随着 pandas 0.24.0 的发布,现在有一种官方方法可以通过将自定义插入方法传递给to_sql
函数来实现此目的。
I was able to achieve the behavior of REPLACE INTO
by passing this callable to to_sql
:
我是能够实现的行为,REPLACE INTO
通过传递这个调用到to_sql
:
def mysql_replace_into(table, conn, keys, data_iter):
from sqlalchemy.dialects.mysql import insert
from sqlalchemy.ext.compiler import compiles
from sqlalchemy.sql.expression import Insert
@compiles(Insert)
def replace_string(insert, compiler, **kw):
s = compiler.visit_insert(insert, **kw)
s = s.replace("INSERT INTO", "REPLACE INTO")
return s
data = [dict(zip(keys, row)) for row in data_iter]
conn.execute(table.table.insert(replace_string=""), data)
You would pass it like so:
你会像这样传递它:
df.to_sql(db, if_exists='append', method=mysql_replace_into)
Alternatively, if you want the behavior of INSERT ... ON DUPLICATE KEY UPDATE ...
instead, you can use this:
或者,如果你想要的行为INSERT ... ON DUPLICATE KEY UPDATE ...
,你可以使用这个:
def mysql_replace_into(table, conn, keys, data_iter):
from sqlalchemy.dialects.mysql import insert
data = [dict(zip(keys, row)) for row in data_iter]
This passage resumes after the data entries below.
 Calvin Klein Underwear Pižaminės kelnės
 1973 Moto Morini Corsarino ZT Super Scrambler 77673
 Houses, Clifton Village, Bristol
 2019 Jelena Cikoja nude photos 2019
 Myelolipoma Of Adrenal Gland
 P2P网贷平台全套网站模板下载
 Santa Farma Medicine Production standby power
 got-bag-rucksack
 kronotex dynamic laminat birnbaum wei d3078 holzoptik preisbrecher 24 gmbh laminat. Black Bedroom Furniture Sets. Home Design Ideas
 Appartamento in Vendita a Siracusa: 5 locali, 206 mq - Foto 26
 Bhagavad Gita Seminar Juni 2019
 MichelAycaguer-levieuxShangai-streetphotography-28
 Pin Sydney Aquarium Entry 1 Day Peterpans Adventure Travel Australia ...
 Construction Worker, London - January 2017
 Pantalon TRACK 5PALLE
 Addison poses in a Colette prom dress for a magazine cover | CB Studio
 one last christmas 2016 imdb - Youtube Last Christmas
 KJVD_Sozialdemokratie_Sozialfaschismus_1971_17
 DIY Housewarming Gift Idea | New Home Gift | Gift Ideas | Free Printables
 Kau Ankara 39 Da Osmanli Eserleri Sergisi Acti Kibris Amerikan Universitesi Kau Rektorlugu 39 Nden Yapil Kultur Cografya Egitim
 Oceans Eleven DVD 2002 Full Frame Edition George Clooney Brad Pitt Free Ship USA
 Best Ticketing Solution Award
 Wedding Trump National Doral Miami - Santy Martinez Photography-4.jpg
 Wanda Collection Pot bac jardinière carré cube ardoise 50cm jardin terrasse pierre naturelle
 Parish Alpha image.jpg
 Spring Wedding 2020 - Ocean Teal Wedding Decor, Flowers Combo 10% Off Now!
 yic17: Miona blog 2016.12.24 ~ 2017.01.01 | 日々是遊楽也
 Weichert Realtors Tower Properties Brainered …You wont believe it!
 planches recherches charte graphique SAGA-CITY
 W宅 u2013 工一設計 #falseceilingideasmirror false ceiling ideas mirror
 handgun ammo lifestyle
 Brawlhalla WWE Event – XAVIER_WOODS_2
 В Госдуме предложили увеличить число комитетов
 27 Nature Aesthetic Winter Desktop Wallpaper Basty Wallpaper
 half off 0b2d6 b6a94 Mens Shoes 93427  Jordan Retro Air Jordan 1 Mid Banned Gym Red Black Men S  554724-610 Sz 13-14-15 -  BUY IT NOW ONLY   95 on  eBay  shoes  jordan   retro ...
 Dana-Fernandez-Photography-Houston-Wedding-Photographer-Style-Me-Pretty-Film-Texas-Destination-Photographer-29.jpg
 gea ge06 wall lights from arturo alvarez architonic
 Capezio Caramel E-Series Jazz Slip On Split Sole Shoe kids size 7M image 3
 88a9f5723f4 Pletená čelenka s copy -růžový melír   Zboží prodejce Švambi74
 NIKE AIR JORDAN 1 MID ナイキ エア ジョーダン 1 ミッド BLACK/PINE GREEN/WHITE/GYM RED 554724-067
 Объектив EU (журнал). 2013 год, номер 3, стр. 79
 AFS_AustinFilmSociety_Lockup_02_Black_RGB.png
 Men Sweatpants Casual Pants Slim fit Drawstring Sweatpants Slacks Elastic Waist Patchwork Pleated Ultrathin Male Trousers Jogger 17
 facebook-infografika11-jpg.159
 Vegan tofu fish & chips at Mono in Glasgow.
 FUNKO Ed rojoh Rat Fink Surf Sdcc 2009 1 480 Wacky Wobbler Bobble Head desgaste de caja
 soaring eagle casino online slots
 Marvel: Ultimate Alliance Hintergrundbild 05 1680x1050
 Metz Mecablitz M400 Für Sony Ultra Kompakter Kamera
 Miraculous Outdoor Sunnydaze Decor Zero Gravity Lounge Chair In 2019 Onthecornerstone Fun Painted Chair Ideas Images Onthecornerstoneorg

stmt = insert(table.table).values(data)
update_stmt = stmt.on_duplicate_key_update(**dict(zip(stmt.inserted.keys(),
stmt.inserted.values())))
conn.execute(update_stmt)
Credits to https://stackoverflow.com/a/11762400/1919794for the compile method.
回答by Imran Malek
If you use to_sql you should be able to define it so that you replace values if they exist, so for a table named 'mydb' and a dataframe named 'df', you'd use:
如果您使用 to_sql,您应该能够定义它,以便您替换存在的值,因此对于名为“mydb”的表和名为“df”的数据框,您可以使用:
df.to_sql(mydb,if_exists='replace')
That should replace values if they already exist, but I am not 100% sure if that's what you're looking for.
如果它们已经存在,那应该替换值,但我不能 100% 确定这是否是您要查找的内容。